Problem details: Set down exactly the lines below, starting at the one that contains "Попал под обстрел" and ending at the one that contains "A poppy field during a golden sunset", with both of those lines included and nothing else.

*** Supplied records ***

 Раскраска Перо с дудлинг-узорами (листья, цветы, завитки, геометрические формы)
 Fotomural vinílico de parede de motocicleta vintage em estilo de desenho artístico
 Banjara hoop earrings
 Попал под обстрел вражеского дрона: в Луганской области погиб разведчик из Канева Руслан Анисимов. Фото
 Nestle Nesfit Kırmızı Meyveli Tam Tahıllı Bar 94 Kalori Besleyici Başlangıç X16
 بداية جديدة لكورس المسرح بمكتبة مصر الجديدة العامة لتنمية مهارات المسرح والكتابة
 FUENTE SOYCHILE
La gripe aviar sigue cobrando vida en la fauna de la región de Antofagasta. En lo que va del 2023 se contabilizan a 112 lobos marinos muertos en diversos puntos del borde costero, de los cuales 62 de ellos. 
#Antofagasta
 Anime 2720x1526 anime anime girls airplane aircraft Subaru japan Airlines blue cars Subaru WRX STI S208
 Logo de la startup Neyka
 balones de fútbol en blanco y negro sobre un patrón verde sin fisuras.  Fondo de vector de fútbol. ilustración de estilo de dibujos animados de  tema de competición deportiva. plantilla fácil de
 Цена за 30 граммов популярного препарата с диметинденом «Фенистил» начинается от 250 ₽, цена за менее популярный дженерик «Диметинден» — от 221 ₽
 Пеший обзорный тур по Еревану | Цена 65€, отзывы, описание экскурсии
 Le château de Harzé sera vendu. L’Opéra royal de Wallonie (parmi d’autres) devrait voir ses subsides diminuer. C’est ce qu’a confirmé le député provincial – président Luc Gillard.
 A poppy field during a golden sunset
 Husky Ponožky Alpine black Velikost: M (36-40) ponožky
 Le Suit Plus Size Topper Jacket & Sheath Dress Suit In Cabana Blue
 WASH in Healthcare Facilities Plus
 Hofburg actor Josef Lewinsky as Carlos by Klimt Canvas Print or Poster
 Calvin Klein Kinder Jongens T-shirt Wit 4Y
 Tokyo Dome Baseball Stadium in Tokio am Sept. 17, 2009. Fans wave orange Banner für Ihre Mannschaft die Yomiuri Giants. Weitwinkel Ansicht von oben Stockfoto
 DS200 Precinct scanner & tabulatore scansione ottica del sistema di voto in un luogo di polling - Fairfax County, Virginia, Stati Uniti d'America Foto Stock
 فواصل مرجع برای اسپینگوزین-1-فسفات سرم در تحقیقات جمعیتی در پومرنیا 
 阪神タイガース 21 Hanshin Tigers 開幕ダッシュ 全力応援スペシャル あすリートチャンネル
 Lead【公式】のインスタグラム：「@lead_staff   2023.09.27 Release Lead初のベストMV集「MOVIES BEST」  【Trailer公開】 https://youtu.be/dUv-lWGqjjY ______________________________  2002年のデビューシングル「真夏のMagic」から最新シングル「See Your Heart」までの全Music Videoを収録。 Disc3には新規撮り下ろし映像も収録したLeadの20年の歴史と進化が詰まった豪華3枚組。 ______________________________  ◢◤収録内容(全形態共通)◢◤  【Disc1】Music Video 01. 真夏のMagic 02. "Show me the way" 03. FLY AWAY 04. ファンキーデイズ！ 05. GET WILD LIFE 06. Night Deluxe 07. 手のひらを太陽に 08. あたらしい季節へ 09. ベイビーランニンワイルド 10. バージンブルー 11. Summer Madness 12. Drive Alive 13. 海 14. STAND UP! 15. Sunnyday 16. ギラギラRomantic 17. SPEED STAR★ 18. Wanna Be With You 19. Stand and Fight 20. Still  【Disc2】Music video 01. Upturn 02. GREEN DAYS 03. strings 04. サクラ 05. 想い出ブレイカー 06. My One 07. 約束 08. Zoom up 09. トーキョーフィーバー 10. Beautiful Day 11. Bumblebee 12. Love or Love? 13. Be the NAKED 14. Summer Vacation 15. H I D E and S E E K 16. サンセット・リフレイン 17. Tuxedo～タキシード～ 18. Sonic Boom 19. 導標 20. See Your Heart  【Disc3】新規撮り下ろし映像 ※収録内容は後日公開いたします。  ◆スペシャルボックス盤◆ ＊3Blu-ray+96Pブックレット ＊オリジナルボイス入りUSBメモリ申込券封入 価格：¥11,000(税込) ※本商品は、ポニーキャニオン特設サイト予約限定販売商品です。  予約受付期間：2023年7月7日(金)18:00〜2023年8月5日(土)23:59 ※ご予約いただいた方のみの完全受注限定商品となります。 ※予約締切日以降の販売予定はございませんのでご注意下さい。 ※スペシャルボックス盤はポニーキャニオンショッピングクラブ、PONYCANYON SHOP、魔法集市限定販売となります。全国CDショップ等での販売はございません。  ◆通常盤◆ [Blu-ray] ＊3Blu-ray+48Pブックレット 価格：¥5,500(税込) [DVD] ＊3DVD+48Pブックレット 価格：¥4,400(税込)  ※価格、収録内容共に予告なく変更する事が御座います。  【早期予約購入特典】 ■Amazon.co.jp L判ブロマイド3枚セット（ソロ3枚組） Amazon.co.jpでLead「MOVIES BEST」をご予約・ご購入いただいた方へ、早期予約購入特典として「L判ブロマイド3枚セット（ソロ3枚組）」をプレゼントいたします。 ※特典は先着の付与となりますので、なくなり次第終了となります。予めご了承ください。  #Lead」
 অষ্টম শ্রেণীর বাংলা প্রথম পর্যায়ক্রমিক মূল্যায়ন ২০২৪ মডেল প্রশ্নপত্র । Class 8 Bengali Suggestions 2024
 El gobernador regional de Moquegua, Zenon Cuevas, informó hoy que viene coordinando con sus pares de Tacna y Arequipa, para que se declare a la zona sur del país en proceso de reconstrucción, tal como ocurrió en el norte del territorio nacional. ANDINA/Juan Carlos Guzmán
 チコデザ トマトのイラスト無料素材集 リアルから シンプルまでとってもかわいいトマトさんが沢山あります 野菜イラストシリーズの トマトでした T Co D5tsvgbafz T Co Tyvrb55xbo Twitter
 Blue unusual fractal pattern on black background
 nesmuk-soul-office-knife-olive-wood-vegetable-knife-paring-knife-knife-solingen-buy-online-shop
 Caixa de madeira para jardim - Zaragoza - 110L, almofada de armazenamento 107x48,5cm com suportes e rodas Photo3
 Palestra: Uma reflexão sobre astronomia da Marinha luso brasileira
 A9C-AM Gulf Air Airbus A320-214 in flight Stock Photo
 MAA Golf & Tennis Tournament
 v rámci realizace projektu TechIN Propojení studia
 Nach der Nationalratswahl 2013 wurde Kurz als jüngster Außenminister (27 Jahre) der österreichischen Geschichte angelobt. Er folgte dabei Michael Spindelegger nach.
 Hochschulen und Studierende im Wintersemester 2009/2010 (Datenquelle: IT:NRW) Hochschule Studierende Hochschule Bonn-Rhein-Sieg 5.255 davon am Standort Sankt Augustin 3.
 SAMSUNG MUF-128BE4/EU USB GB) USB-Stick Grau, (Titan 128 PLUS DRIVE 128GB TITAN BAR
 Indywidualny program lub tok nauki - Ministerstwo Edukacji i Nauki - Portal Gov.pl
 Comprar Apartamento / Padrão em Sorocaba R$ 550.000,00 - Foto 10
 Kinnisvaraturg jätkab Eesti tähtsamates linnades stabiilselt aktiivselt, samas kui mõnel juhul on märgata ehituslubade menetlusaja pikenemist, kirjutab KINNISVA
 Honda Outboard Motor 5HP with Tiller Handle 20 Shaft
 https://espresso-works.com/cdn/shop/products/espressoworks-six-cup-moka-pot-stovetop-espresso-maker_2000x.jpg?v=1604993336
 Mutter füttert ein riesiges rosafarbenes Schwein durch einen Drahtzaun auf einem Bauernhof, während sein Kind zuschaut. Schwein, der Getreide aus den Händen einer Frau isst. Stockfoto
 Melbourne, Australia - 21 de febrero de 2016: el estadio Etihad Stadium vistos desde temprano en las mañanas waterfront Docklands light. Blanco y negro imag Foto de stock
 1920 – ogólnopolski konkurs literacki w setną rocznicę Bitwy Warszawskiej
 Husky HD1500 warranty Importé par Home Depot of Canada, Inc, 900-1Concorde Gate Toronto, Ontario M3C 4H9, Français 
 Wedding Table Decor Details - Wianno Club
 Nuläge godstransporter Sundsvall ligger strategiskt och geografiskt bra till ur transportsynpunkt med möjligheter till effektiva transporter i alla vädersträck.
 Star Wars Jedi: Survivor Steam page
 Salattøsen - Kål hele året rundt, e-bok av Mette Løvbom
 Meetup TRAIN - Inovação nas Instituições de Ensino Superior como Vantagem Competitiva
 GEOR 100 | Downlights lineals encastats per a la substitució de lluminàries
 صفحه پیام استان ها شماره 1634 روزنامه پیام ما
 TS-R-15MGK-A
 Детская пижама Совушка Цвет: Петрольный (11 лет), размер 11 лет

***

Completed task:
 Попал под обстрел вражеского дрона: в Луганской области погиб разведчик из Канева Руслан Анисимов. Фото
 Nestle Nesfit Kırmızı Meyveli Tam Tahıllı Bar 94 Kalori Besleyici Başlangıç X16
 بداية جديدة لكورس المسرح بمكتبة مصر الجديدة العامة لتنمية مهارات المسرح والكتابة
 FUENTE SOYCHILE
La gripe aviar sigue cobrando vida en la fauna de la región de Antofagasta. En lo que va del 2023 se contabilizan a 112 lobos marinos muertos en diversos puntos del borde costero, de los cuales 62 de ellos. 
#Antofagasta
 Anime 2720x1526 anime anime girls airplane aircraft Subaru japan Airlines blue cars Subaru WRX STI S208
 Logo de la startup Neyka
 balones de fútbol en blanco y negro sobre un patrón verde sin fisuras.  Fondo de vector de fútbol. ilustración de estilo de dibujos animados de  tema de competición deportiva. plantilla fácil de
 Цена за 30 граммов популярного препарата с диметинденом «Фенистил» начинается от 250 ₽, цена за менее популярный дженерик «Диметинден» — от 221 ₽
 Пеший обзорный тур по Еревану | Цена 65€, отзывы, описание экскурсии
 Le château de Harzé sera vendu. L’Opéra royal de Wallonie (parmi d’autres) devrait voir ses subsides diminuer. C’est ce qu’a confirmé le député provincial – président Luc Gillard.
 A poppy field during a golden sunset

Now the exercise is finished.